What’s NOT included:
- The unused training data (the full 20 examples).
- The metric function.
- The optimizer code.
- The language model config. It uses the model specified in the signature on the runtime and keeps the .json model agnostic
In production, only the compiled JSON and the signature definition is required. No other information or files need to be deployed.
ChainOfThought instead of Predict as a more advanced approach #
dspy.Predict makes a single LLM call from input to output. dspy.ChainOfThought adds a reasoning step before producing the answer.
Predict:
classifier = dspy.Predict(ClassifyMessage)
result = classifier(message="I can't log in to my account")
# Output:
# 'category': <SupportCategory.TECHNICAL: 'technical'>
ChainOfThought:
classifier = dspy.ChainOfThought(ClassifyMessage)
result = classifier(message="I can't log in to my account")
# Output (additional reasoning included):
# 'reasoning': 'The customer is experiencing an issue with logging into
# their account.
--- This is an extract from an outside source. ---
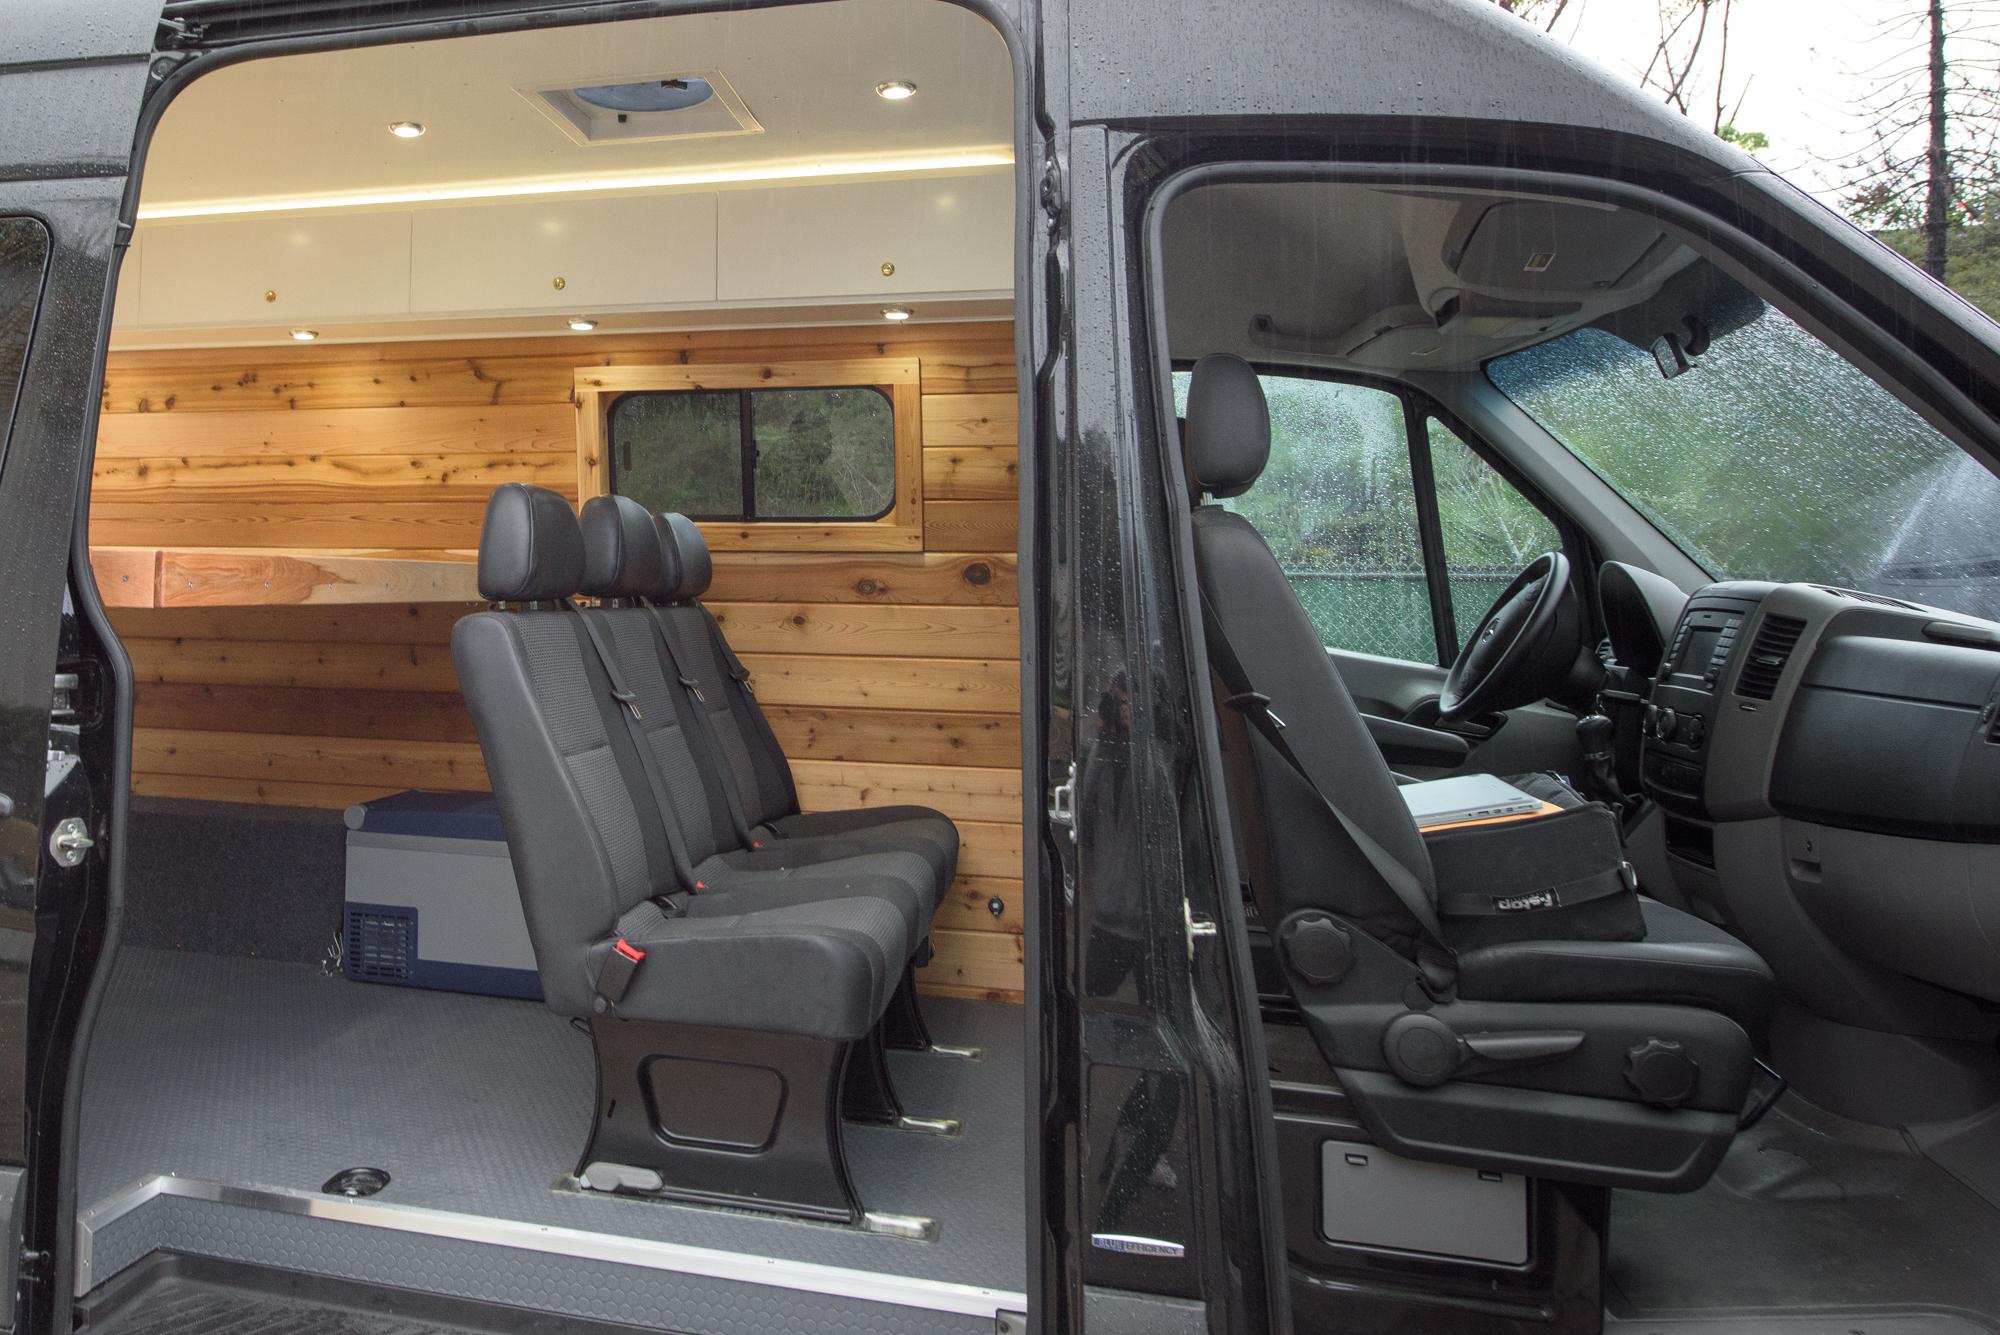 Stock 3 Passenger Mercedes Sprinter VanBench Seat - For Mercedes Sprinter® vans only.Quickly Removable.

This is a technical problem related to account access
# and authentication, which falls under technical support rather than
# billing, sales, or other general inquiries.'
# 'category': <SupportCategory.TECHNICAL: 'technical'>
Trade-offs:
| Aspect | Predict | ChainOfThought |
|---|---|---|
| Latency | Lower (1 generation) | Higher (2 fields generated) |
| Cost | Lower (fewer tokens) | Higher (rationale tokens) |
| Accuracy | Good for simple tasks | Better for ambiguous tasks |
| Debuggability | Limited (just the answer) | High (includes reasoning) |
When to use ChainOfThought:
- Ambiguous inputs where category isn’t obvious.
- When you need to understand why the model chose a category.
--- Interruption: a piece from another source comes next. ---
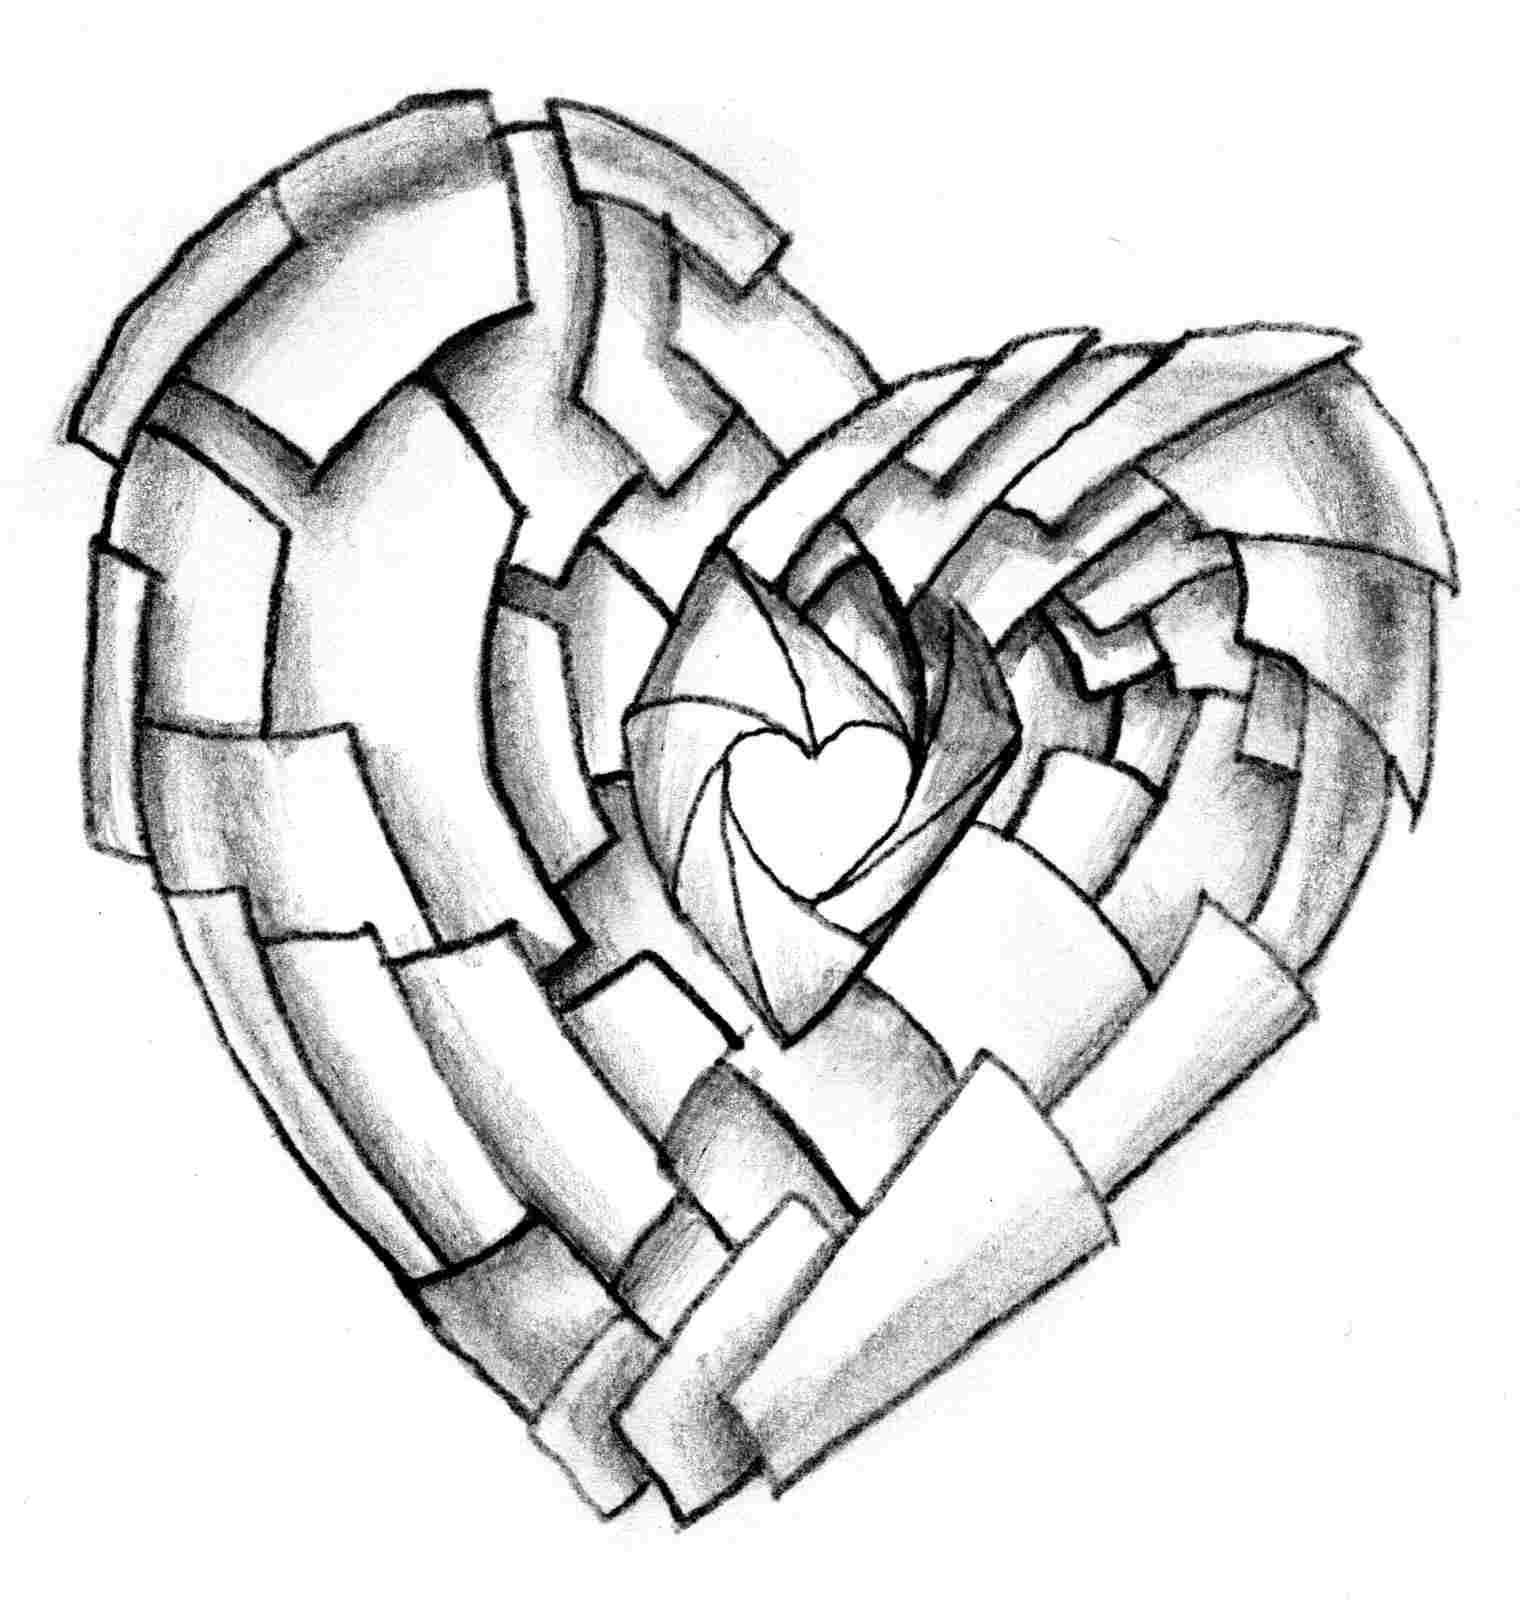 1531x1618 Pencil Sketch Of Human Heart

- When accuracy matters more than latency.
When to stick with Predict:
- Clear-cut classification tasks (like this one).
- Latency-sensitive applications.
- When cost per call matters.
For this support ticket classifier, Predict is sufficient. The categories are well-defined and most messages map cleanly to one category. When classifying more ambiguous content, ChainOfThought could be a viable alternative.
Swapping is trivial: Change one line and re-run optimization. The signature stays the same.
Key takeaways #
Signatures separate intent from implementation. Define what you want (input and output types) without specifying how to prompt for it. This makes the code model-agnostic.
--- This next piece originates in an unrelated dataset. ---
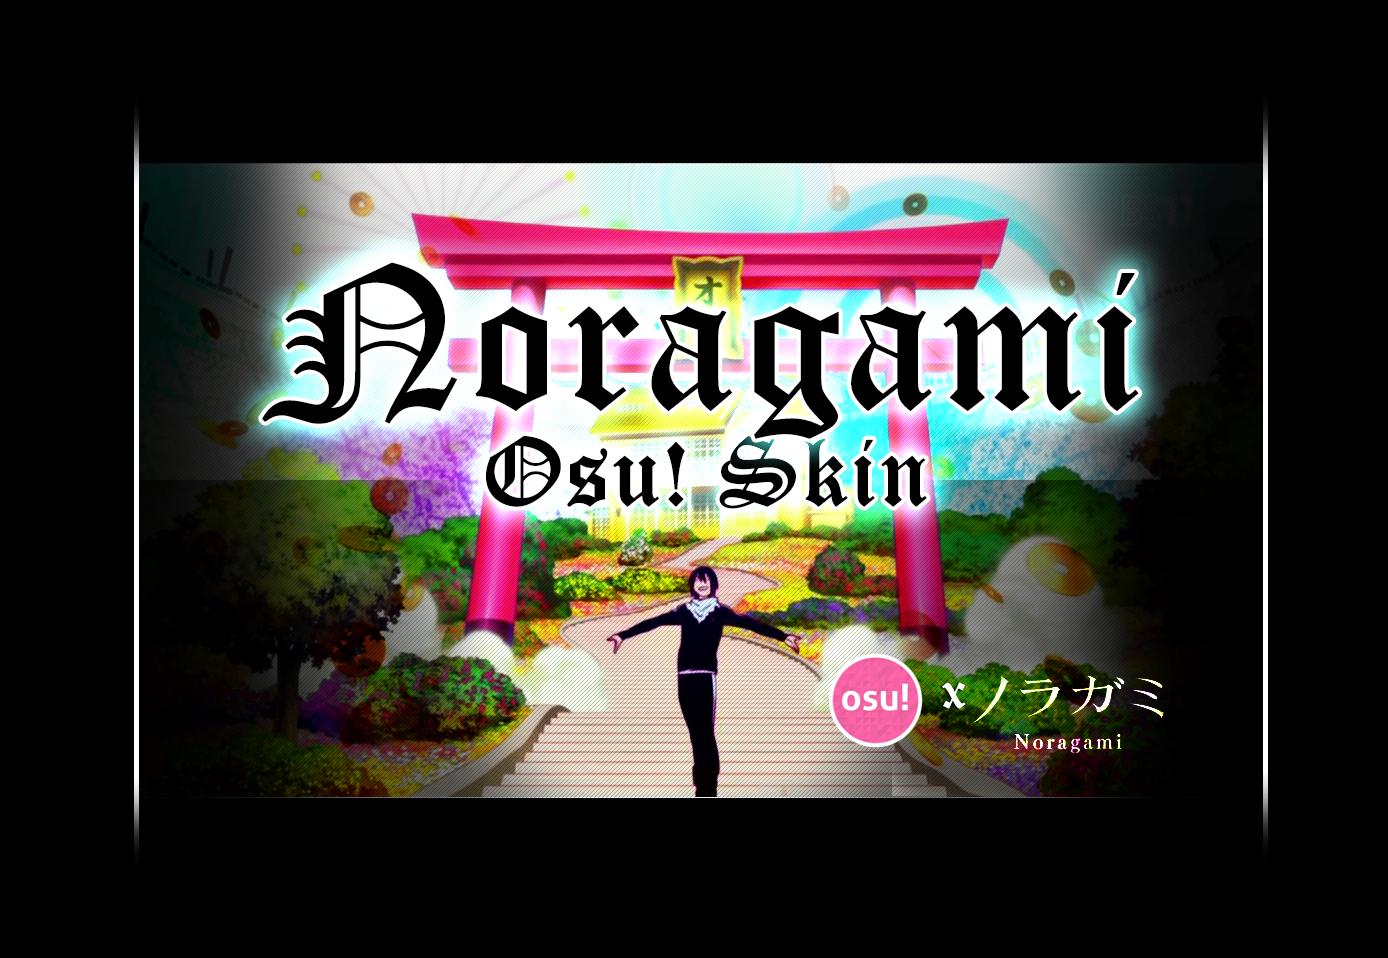 Noragami Osu!Skin by Lyra-Kizzle08 on DeviantArt

Metrics replace guessing. Instead of manually tweaking prompts and hoping they improve overall performance, write a metric once and let the optimizer find the best prompt automatically.
Optimization is a build-time step. Don’t run the optimizer in production. Run it offline, save the compiled module and load it at runtime. This keeps production code simple and fast.
Few-shot examples matter. BootstrapFewShot improved accuracy by 20 percentage points just by selecting the right demonstrations. No prompt engineering, no trial and error.
Evaluation is the safety net. When switching models or updating the optimizer, rerun eval.py on the test set. If the score drops, you know immediately. Run it in the release pipeline as part of the deployment requirements. Without such evals with appropriate thresholds, you have no chance to know how your system will perform.